The exhaustion is felt by everyone in the community from Monias, who has been in non-stop meetings for more than a week, to the doctors and nurses who are working up to 16-hour days to help treat patients and contain the spread.

A code red is also in effect for Misipawistik Cree Nation until Nov. 7.

The community is dealing with its first COVID-19 case.

 

Chief Heidi Cook is also utilizing social media to update members on the situation.

“We recommend that everyone stay home. There’s an exception for outdoor recreation or outdoor activities like hunting if you’re by yourself or with members of your household only,” she said in a lengthy Facebook livestream.

While there have been several new restrictions implemented, a curfew is not one of them. This could change.

“That’s not something that we have planned,” said Cook.
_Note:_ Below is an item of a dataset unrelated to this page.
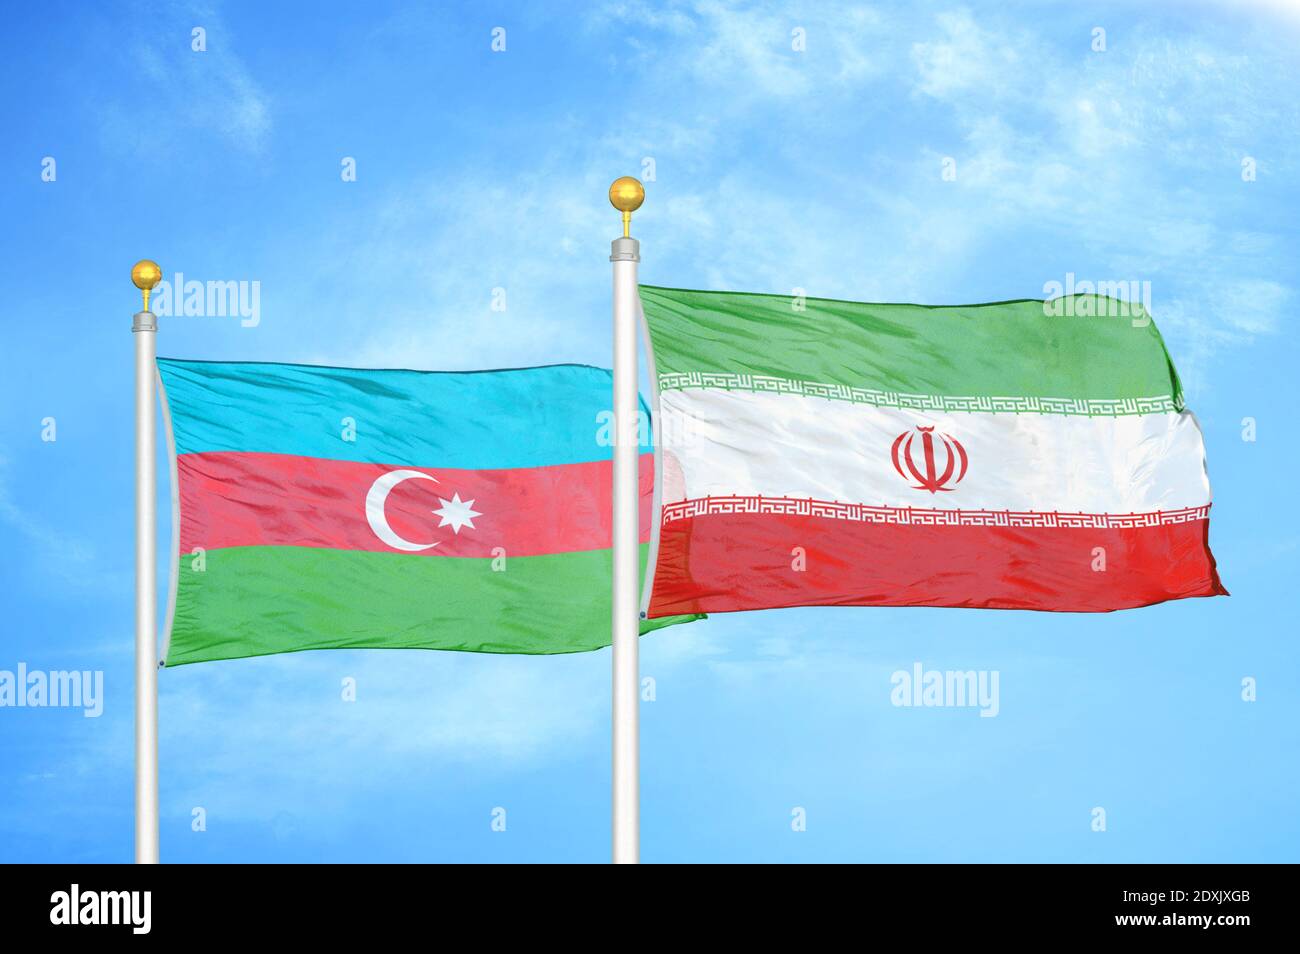 8 neue Flaggen Aserbaidschan, Iran, USA, Mexiko, Kanada, Brasilien,  Australien, Neuseeland je 8,5 x 5,5 cm

“Right now we’re asking everyone to stay home for the most part so we hope that we don’t have to make more rules.”

Meanwhile the four partner Cree Nations on the Keeyask Generating Station project with Manitoba Hydro are urging the province to move the site into a code red after an outbreak started last month.

The project employs members from all four communities.

“The province must recognize and declare that there is an uncontrolled outbreak of COVID-19 at Keeyask. Failing to address this situation in an urgent manner will have dire consequences for the entire province. Action is needed immediately to protect the health of all Manitoba residents,” Manitoba Keewatinowi Okimakanak Grand Chief Garrison Settee said in a statement.

There are 20 workers who have tested positive, according to a news release from the crown corporation Tuesday, and another 11 workers with an initial “not clear” are awaiting further results.

There are currently 59 workers isolating in special dorms at the Keeyask site.

“Manitoba Hydro had already implemented the requirements of a code red designation where applicable prior to this declaration and we continue to work closely with public health authorities and our Keeyask Cree Nation partners to coordinate our response to these COVID cases, providing frequent and timely updates on the situation,” Manitoba Hydro CEO Jay Grewal said in a statement.

First Nations people make up 20 per cent of the active cases in the province, but this also includes people living off reserve.